Al culmine della tragedia si viene così determinando la catarsi, grazi alle due donne che – in quanto entrambe oppresse, anche se in modo opposto, dai loro stessi uomini – finiscono finalmente per riconoscersi e ribellarsi insieme al ruolo di subalternità. In tal modo, riconquisteranno la loro libertà dalla schiavitù domestica cui le condannavano le rispettive famiglie patriarcali e riescono a imporre finalmente il riconoscimento della realtà, per quanto inverosimile potesse apparire nel mondo capovolto in cui sono costrette a vivere. Se la loro solidarietà di oppresse sarà decisiva per riaffermare la verità sul piano giuridico, evidentemente non possono molto contro il mondo distorto dell’occupazione. Per cui il palestinese, pur scagionato dall’accusa di aver voluto strumentalizzare per i suoi fini terroristici (ovvero in funzione della resistenza) la donna ebrea, resta comunque in carcere a scontare una pena, per quanto ridotta, a tre anni di carcere. D’altra parte,continuerà a essere considerato dal suo “popolo” di oppressi e subalterni un eroe, mentre la donna ebrea continua a essere considerata dal suo “popolo” di dominatori una traditrice.
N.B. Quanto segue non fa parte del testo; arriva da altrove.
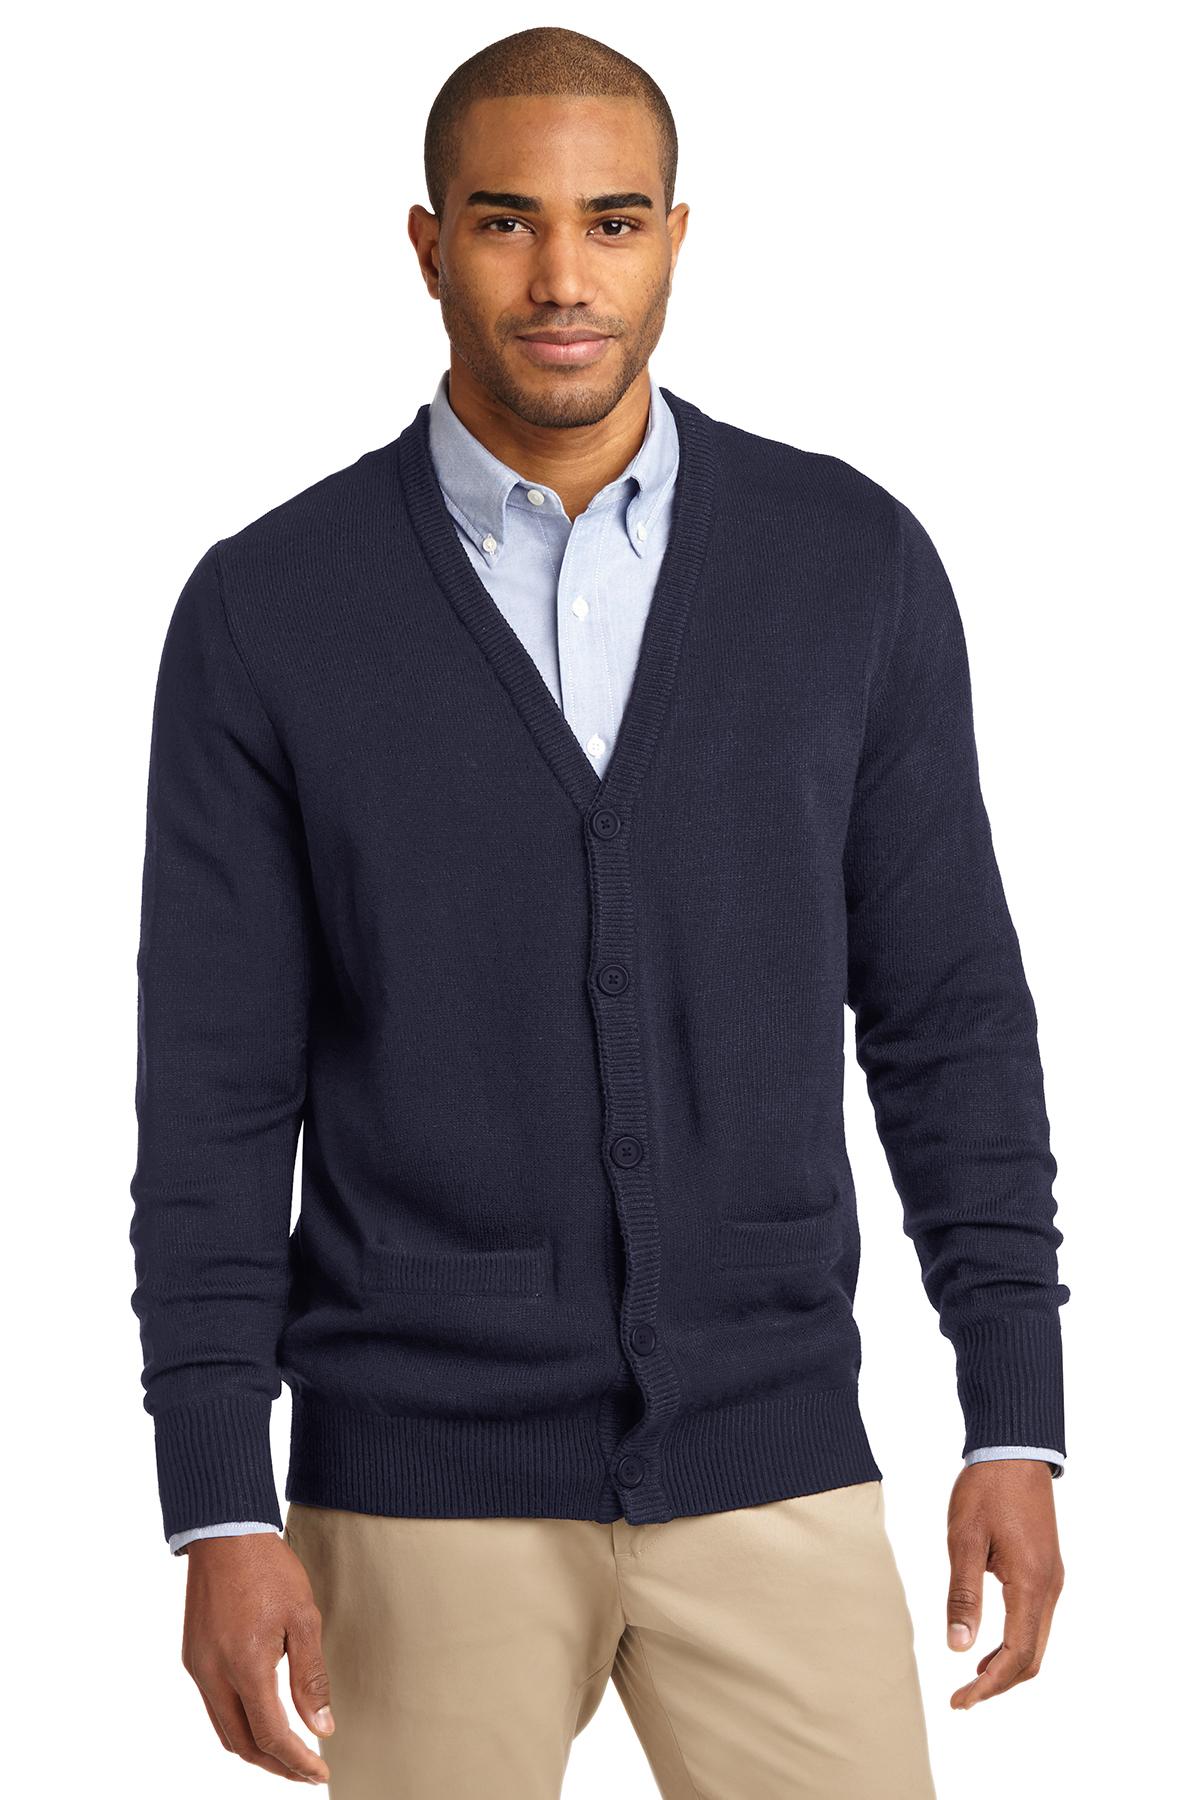 27cd1c3a23fd Port Authority LSW304 Ladies Value Jewel-Neck Cardigan Sweater ...
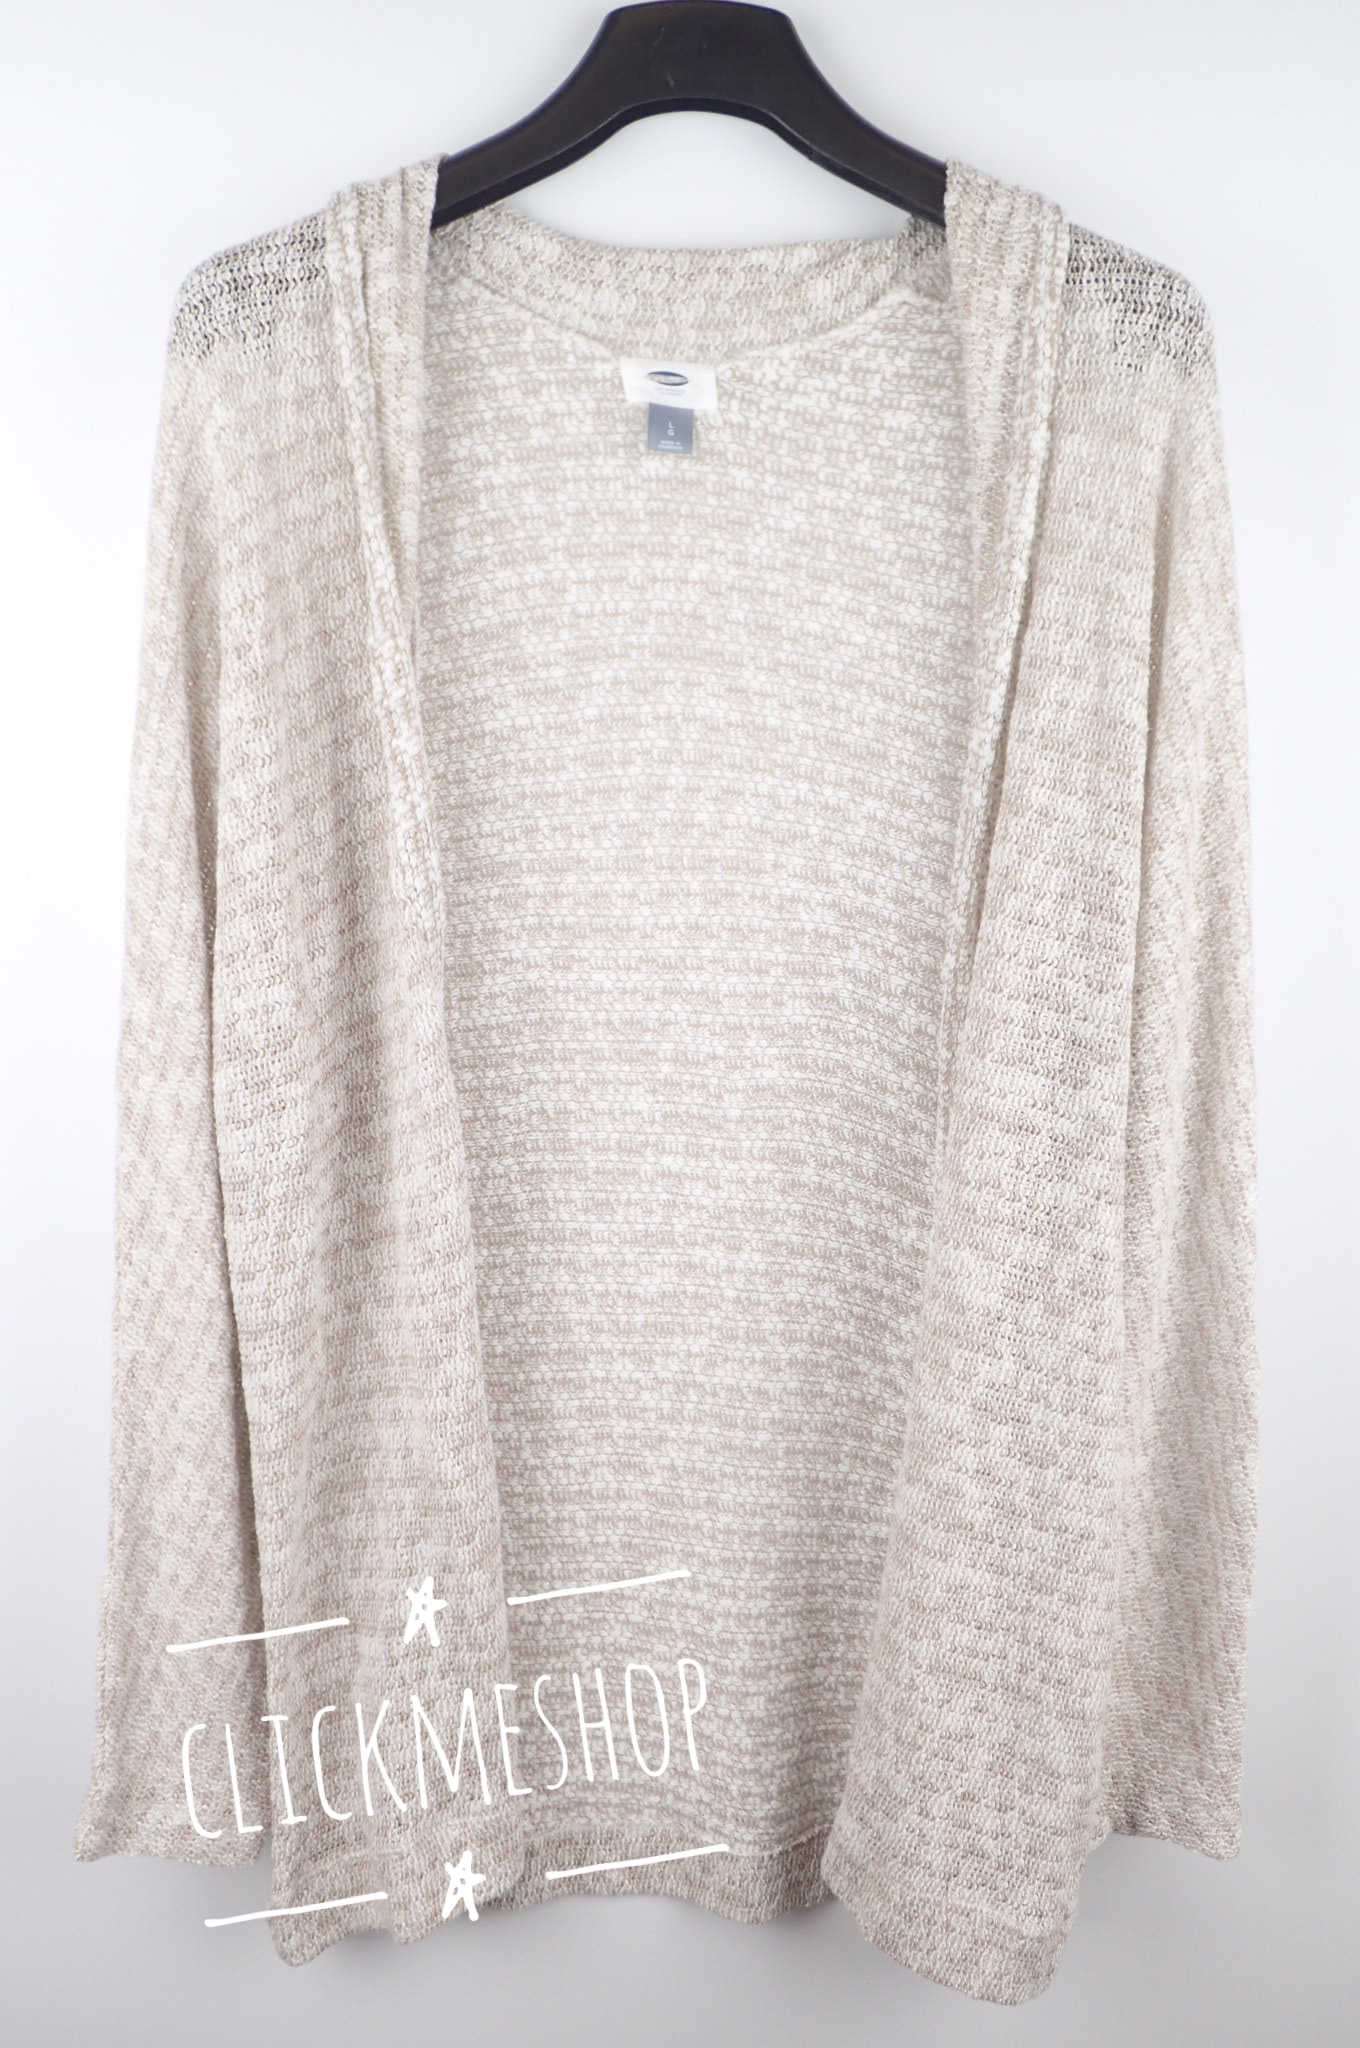 (size XXL หน้าอก 50-52 นิ้ว ) เสื้อคลุม Oldnavy สีน้ำตาลอ่อน ใส่คลุมสบายๆ น่ารักคะ สำเนา สำเนา

Ecco che – esattamente come avveniva negli Stati Uniti, quando sulla base del “crimine” di misgeneration l’afro-americano era condannato al linciaggio, ma la stessa donna caucasica era condannata a una pena detentiva –nella Palestina occupata l’arabo israeliano dopo le angherie subite dovrà scontare tre anni di carcere, mentre la stessa donna ebrea vivrà una sorta di emarginazione e ostracismo dalla Herrenvolk democracy, dinanzi alla quale continuerà ad apparire come una traditrice.